Retrieve every line from the records in which the word "output" occurs.

^^^^^^^^^^^^^^^^

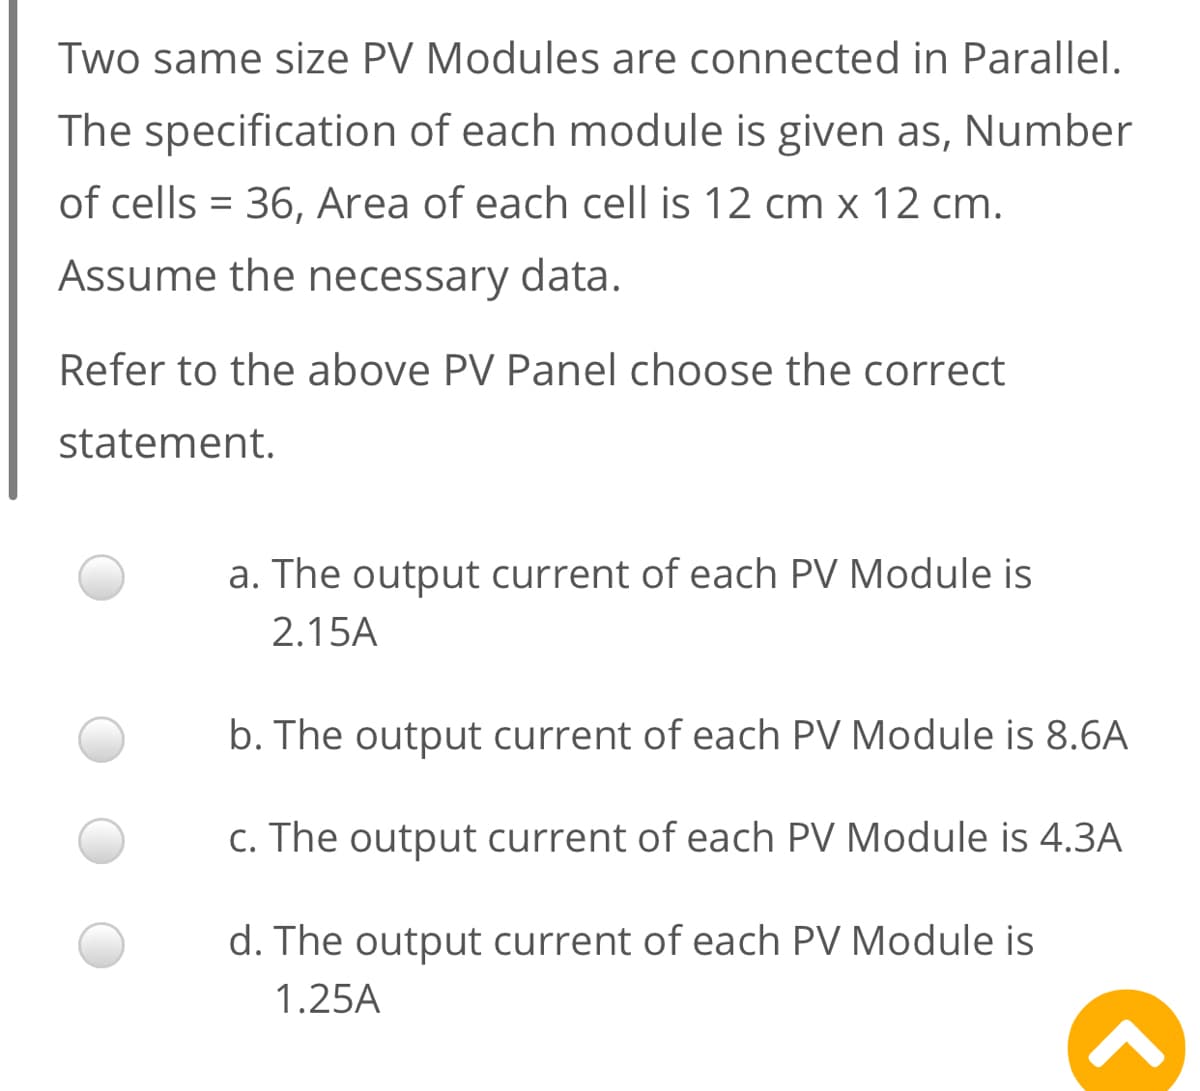 Two same size PV Modules are connected in Parallel.
The specification of each module is given as, Number
of cells = 36, Area of each cell is 12 cm x 12 cm.
Assume the necessary data.
Refer to the above PV Panel choose the correct
statement.
a. The output current of each PV Module is
2.15A
b. The output current of each PV Module is 8.6A
c. The output current of each PV Module is 4.3A
d. The output current of each PV Module is
1.25A

^^^^^^^^^^^^^^^^

- Answer area
a. The output current of each PV Module is
b. The output current of each PV Module is 8.6A
c. The output current of each PV Module is 4.3A
d. The output current of each PV Module is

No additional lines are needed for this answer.